Dadurch entsteht bei Süchtigen eine starke Abhängigkeit von äußerer narzisstischer Zufuhr bzw. von äußeren Objekten (Voigtel, 2001, S. 22):

„Unter der Voraussetzung der Selbstschwäche und der heftigen Gier nach einem ‚guten Objekt’, das aber nicht in der eigenen Seele angesiedelt sein kann, ergibt sich die Abhängigkeit von den guten Seiten realer, im Außen existierender Menschen“.

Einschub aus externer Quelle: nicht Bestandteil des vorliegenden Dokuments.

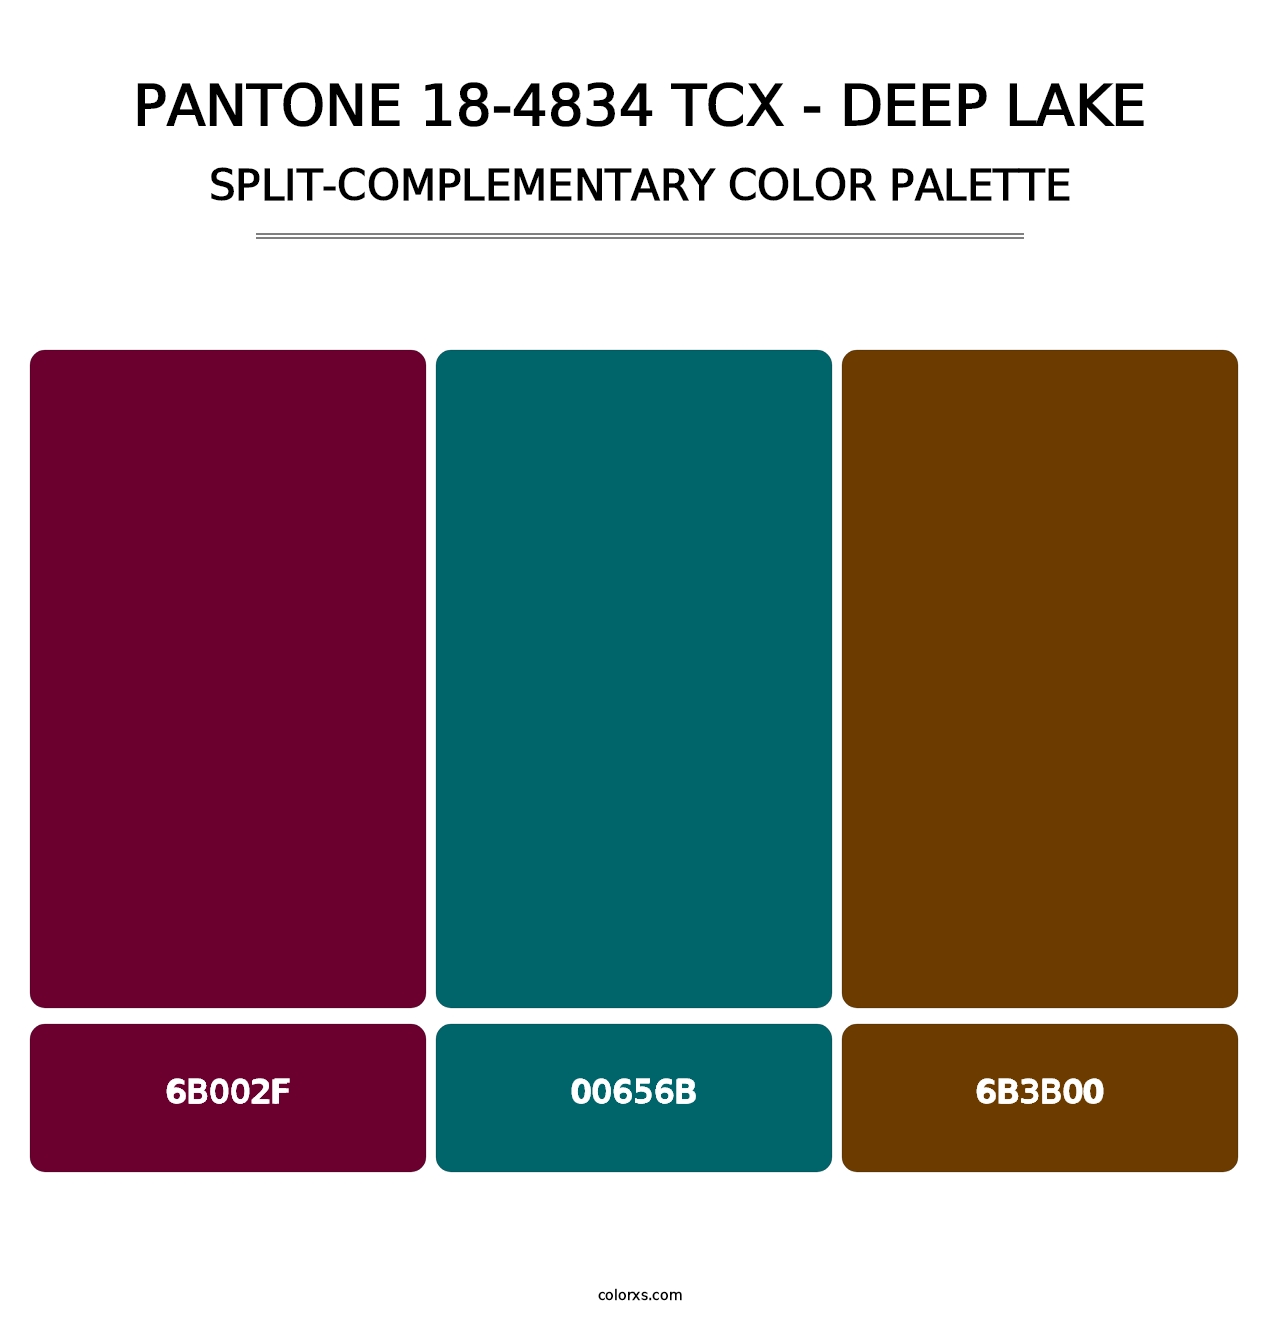 PANTONE 18-4834 TCX - Deep Lake - Split-Complementary Color Palette

Gleichzeitig wird jedoch der Kontakt zu anderen Menschen vermieden, da die

„Selbstschwäche, die Angst vor den eigenen Gefühlen“ und die Unfähigkeit, diese zu kommunizieren, zu Hilflosigkeit und Scham führen und „zwischenmenschlichen Kontakt generell qualvoll erscheinen“ lassen (ebd., S. 126). Darüber hinaus sind Frustrationen und Enttäuschungen im Kontakt zu den Mitmenschen oft unvermeidbar, da an diese unerfüllbar hohe Wünsche gestellt werden, „versorgt (…) und einfühlend verstanden und geachtet zu werden“. Sie sollen die das Selbst stärkende narzisstische Zufuhr liefern, die in der frühen Kindheit schmerzlich vermisst wurde (ebd.).

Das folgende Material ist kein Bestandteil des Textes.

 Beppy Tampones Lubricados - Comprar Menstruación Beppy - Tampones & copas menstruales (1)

Die hier beschriebenen Entwicklungsstörungen gelten in diesem Ausmaß lediglich für die schwere Sucht. Sie sind nicht nur darauf zurückzuführen, dass das erste Bezugsobjekt unzureichend für die psychische Entwicklung des Kindes zur Verfügung stand, sondern auch darauf, dass keine Triangulierung im Sinne einer alternativen Beziehungserfahrung möglich war, die die Beziehungsstörung in der frühen Dyade zwischen dem Kleinkind und seinem primären Bezugsobjekt hätte modifizieren können (Voigtel, 2001, S. 159, 169, 175).